A follow-up PR (.github/workflows/sycl-acpp.yml, sized ~50 LOC in ADR-0335 § follow-ups) will land that lane as a non-required status check before promoting it to required-aggregator.yml.

Troubleshooting

find_program('acpp') fails

The configured sycl_compiler is not on PATH. Either install AdaptiveCpp into a system path, or pass the absolute path:

meson setup build-acpp \
    -Dsycl_compiler=/opt/adaptivecpp/bin/acpp \
    -Dsycl_acpp_targets=generic \
    -Denable_sycl=true

cannot find -lacpp-rt

The runtime library lives next to the compiler driver under <acpp-prefix>/lib. The build derives this from the resolved acpp binary's bindir. If the install layout is non-standard, the legacy libhipSYCL-rt.so is also probed as a fallback. If neither name resolves, file an issue with the AdaptiveCpp install layout — the fork supports the upstream layout, not custom ones.

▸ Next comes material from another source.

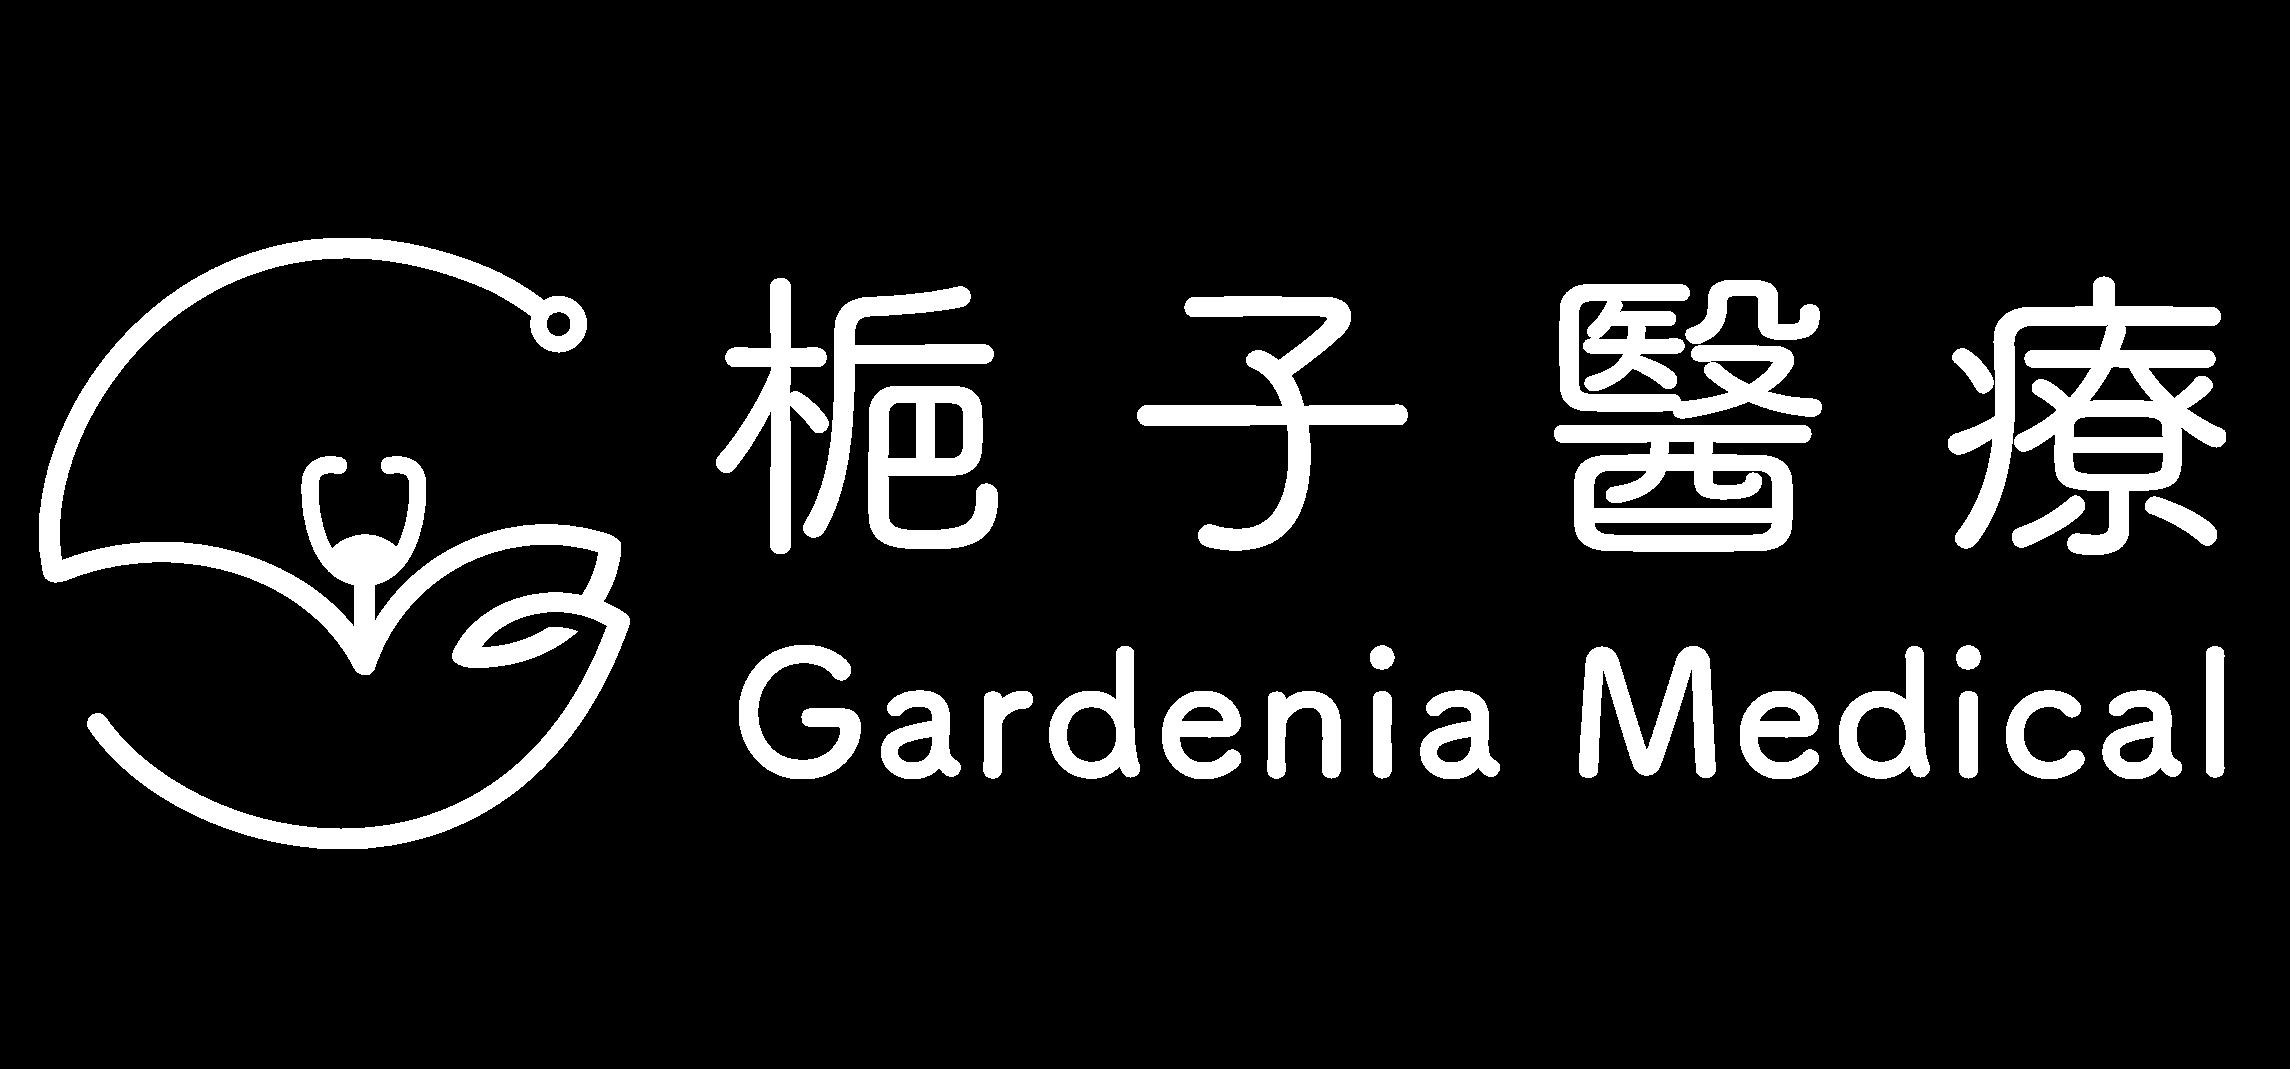 Gardenia Medical 梔子醫療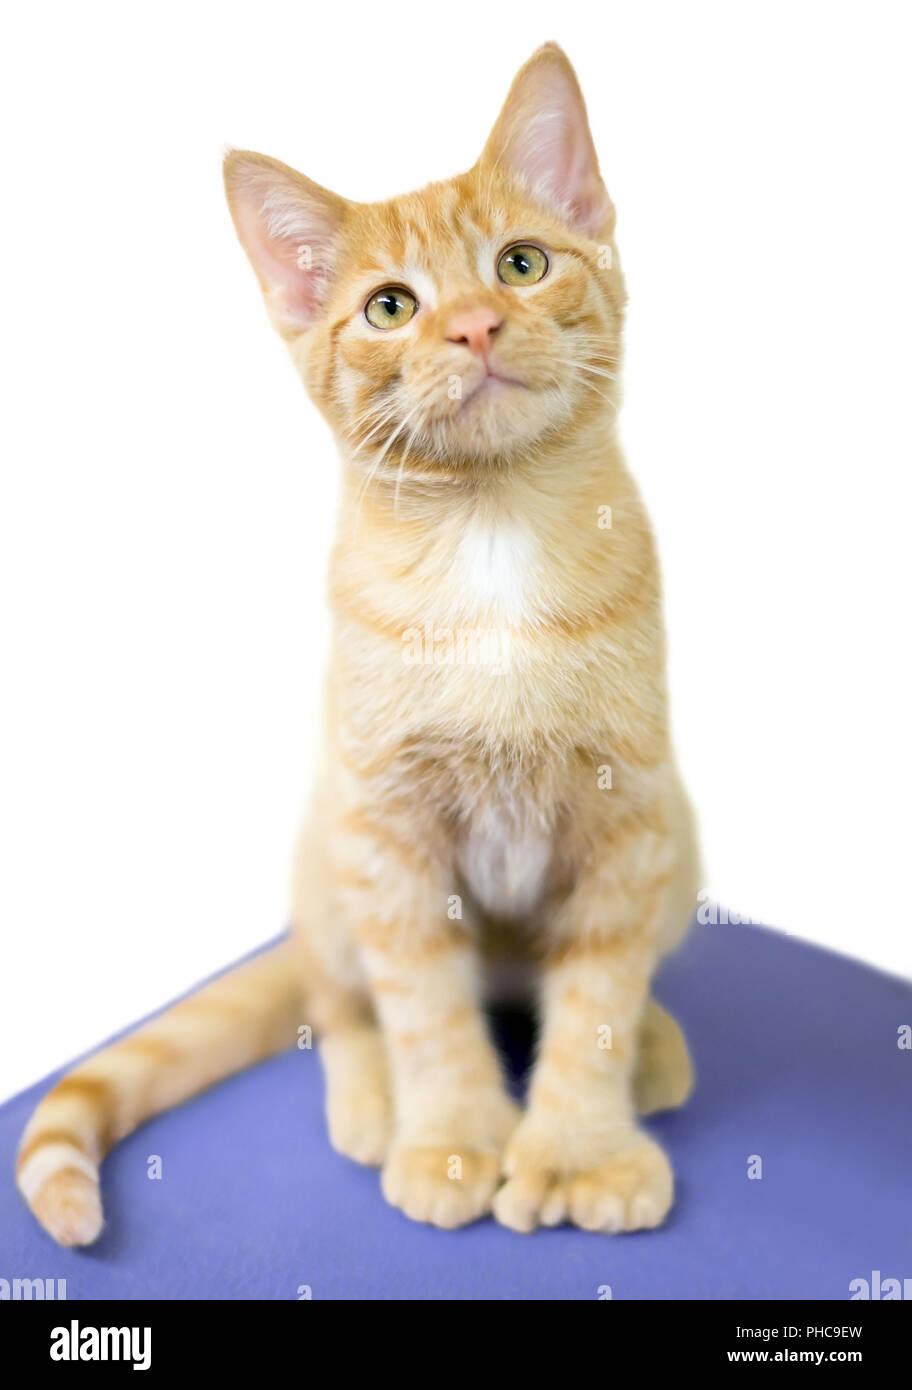 Polydactyl Cat Stock Photos & Polydactyl Cat Stock Images ...  Polydactyl Cat ...

Kernel runs but produces different scores than icpx

Expected. See § "Numerical conformance" above. The acceptance bar is places=4 against the Netflix golden CPU values, not bit-exact parity with icpx.

See also

  • ADR-0335 — the design decision.
  • ADR-0217 — multi-version oneAPI install recipe (icpx side).
  • ADR-0220 — fp64-free kernel contract (preserved under both toolchains).
  • oneapi-install.md — Intel oneAPI install.
  • Research-0086 § Topic B — the audit that recommended this work.